- Greatest Hits cover art

Greatest hits album / video by Kylie Minogue
- Released: 18 November 2002 (Greatest Hits); 21 October 2003 (Greatest Hits 87–97);
- Recorded: 1987–1992 (Greatest Hits); 1987–1997 (Greatest Hits 87–97);
- Genres: Pop; dance;
- Length: 146:30
- Labels: PWL; Jive; BMG;

Kylie Minogue chronology
| KylieFever2002 (2002) | Greatest Hits (2002) | Body Language (2003) |

Kylie Minogue video chronology
| KylieFever2002: Live in Manchester (2002) | Greatest Hits (2003) | Greatest Hits: 87–99 (2003) |

Alternative cover
- Greatest Hits 87–97 cover art

Alternative cover
- Vintage Kylie: The Hits 88–92 cover art

= Greatest Hits (2002 Kylie Minogue album) =

2002 compilation album by Kylie Minogue

Greatest Hits (titled on the back cover as Greatest Hits 87–92 and re-titled as Vintage Kylie: The Hits 88–92) is a 2002 greatest hits album by Australian singer Kylie Minogue. Released on 18 November 2002 by PWL, the album collects work from Minogue's PWL period, including the albums Kylie (1988), Enjoy Yourself (1989), Rhythm of Love (1990), Let's Get to It (1991) and Greatest Hits (1992).

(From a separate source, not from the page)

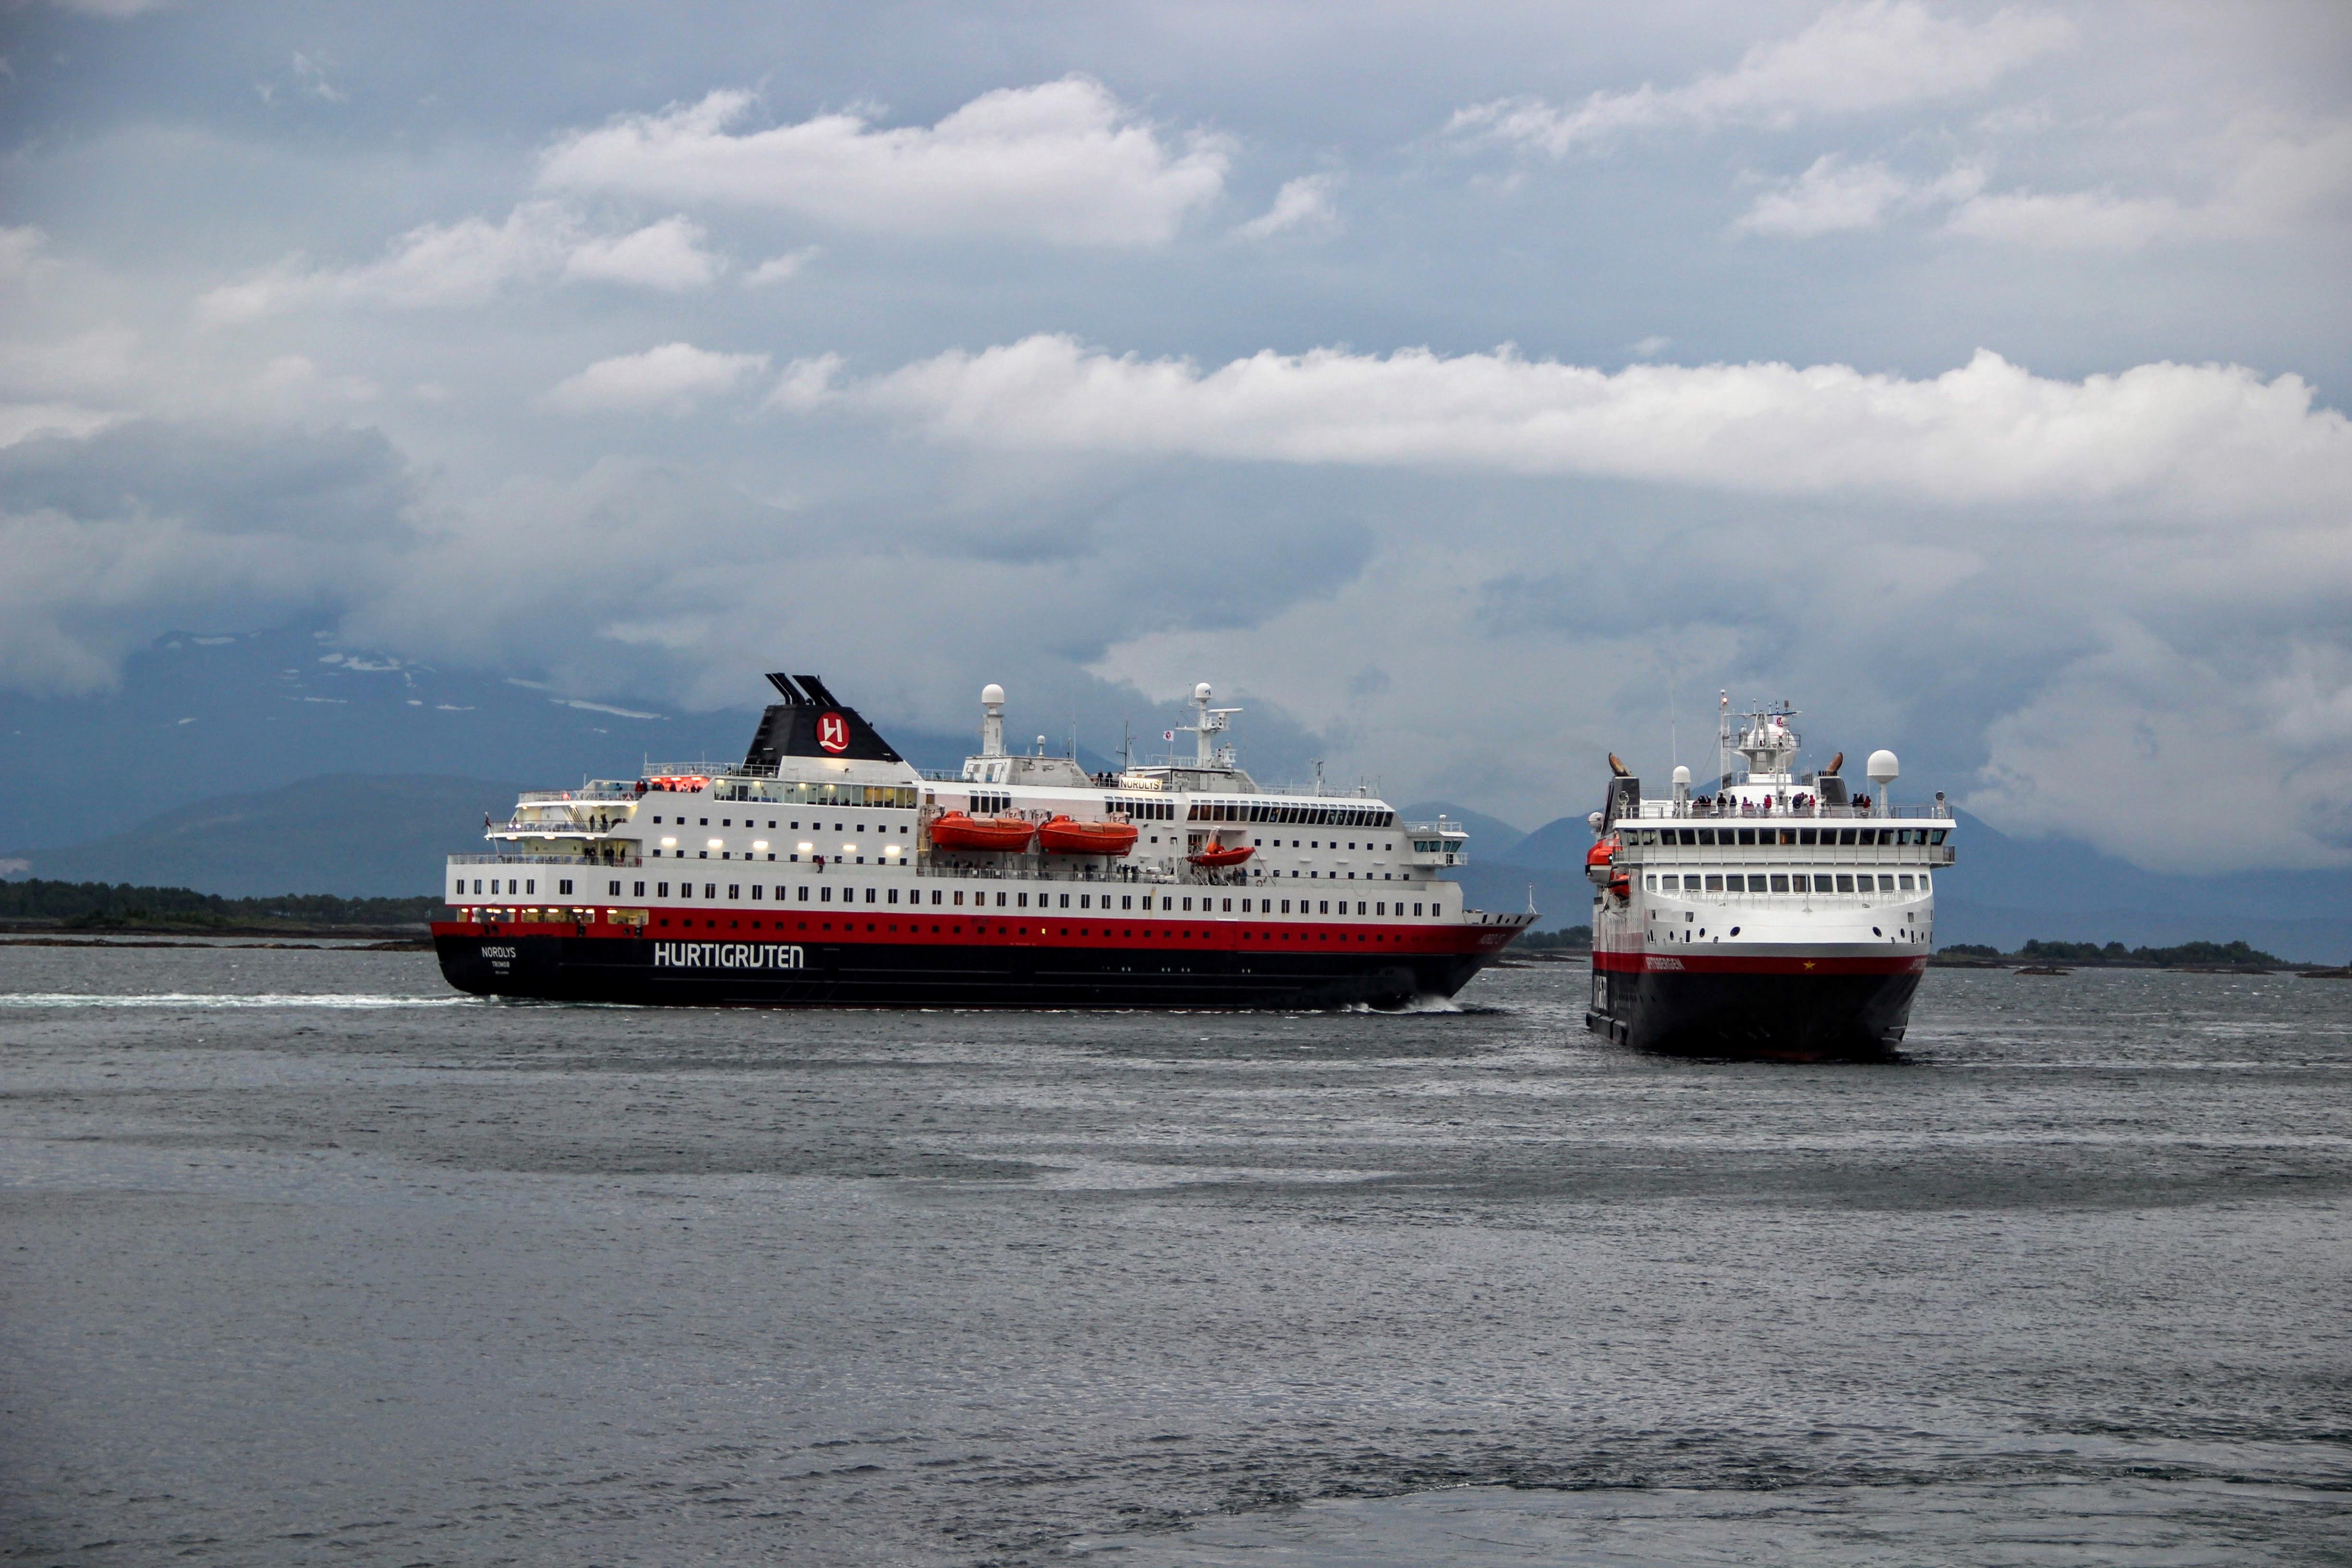 Bateaux de la flotte Hurtigruten

An updated version of the compilation called Greatest Hits 87–97 was later released on 24 November 2003 by BMG and PWL, distributed by Jive, due to her release of Body Language in early 2004. The cover sleeve for this version was shot by British photographer Simon Fowler in 1990, and includes songs and remixes from the albums Kylie Minogue (1994) and Impossible Princess (1997).

==Background==
After the massive success of Minogue's eighth studio album Fever (2001), BMG decided to release a greatest hits album.

The 2002 album cover used a stock photo photographed by Jasper James, which depicts a supposed look-alike dressed in her underwear. AllMusic's Johnny Loftus called it "shoddy." The updated version of the compilation later used a picture from Minogue's photoshoot with Simon Fowler in 1990.

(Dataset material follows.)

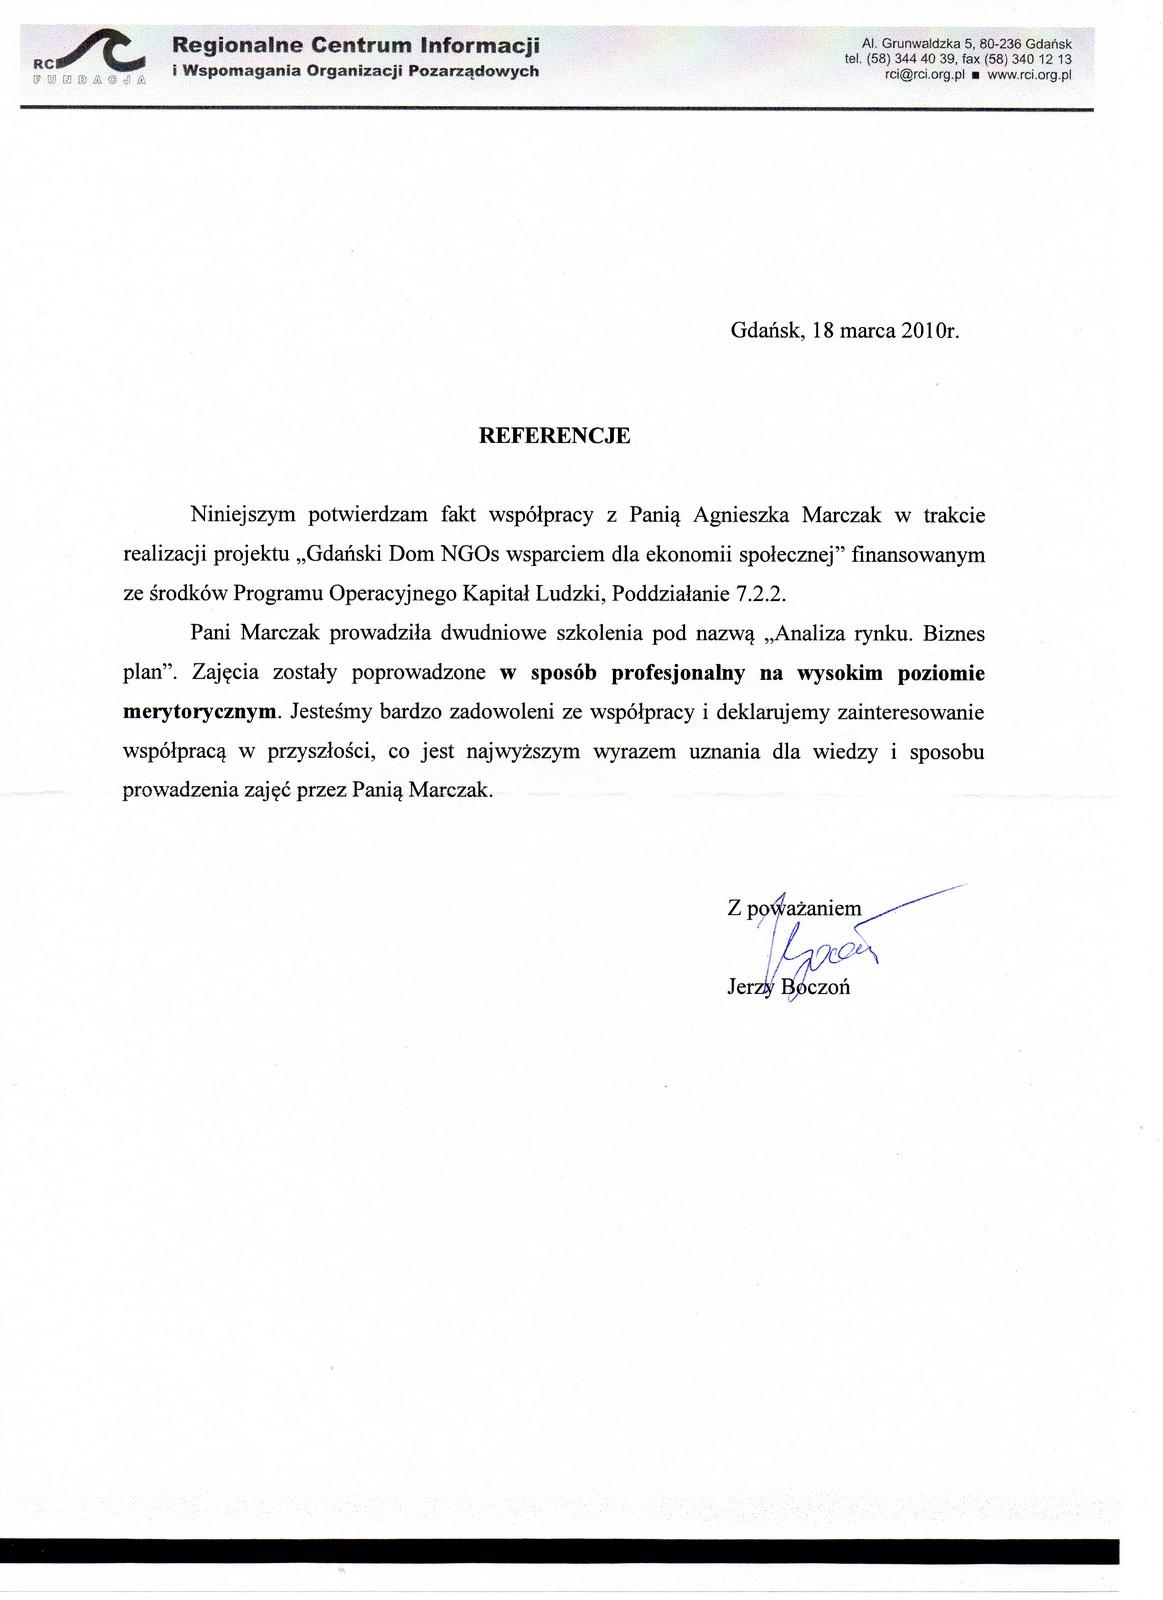 Referencje Fundacja RC

The release ruffled some feathers in the Minogue camp, in particular the cover artwork. An 'official' cover, designed by Minogue and her team was made available to download from her website and was also given away free inside copies of Heat magazine. Titled Vintage Kylie, the card insert bore the cheeky message "Like Kylie? Why not have the real thing!" A version of the compilation titled Best Of was also released in France, but withdrawn from sale on day of release.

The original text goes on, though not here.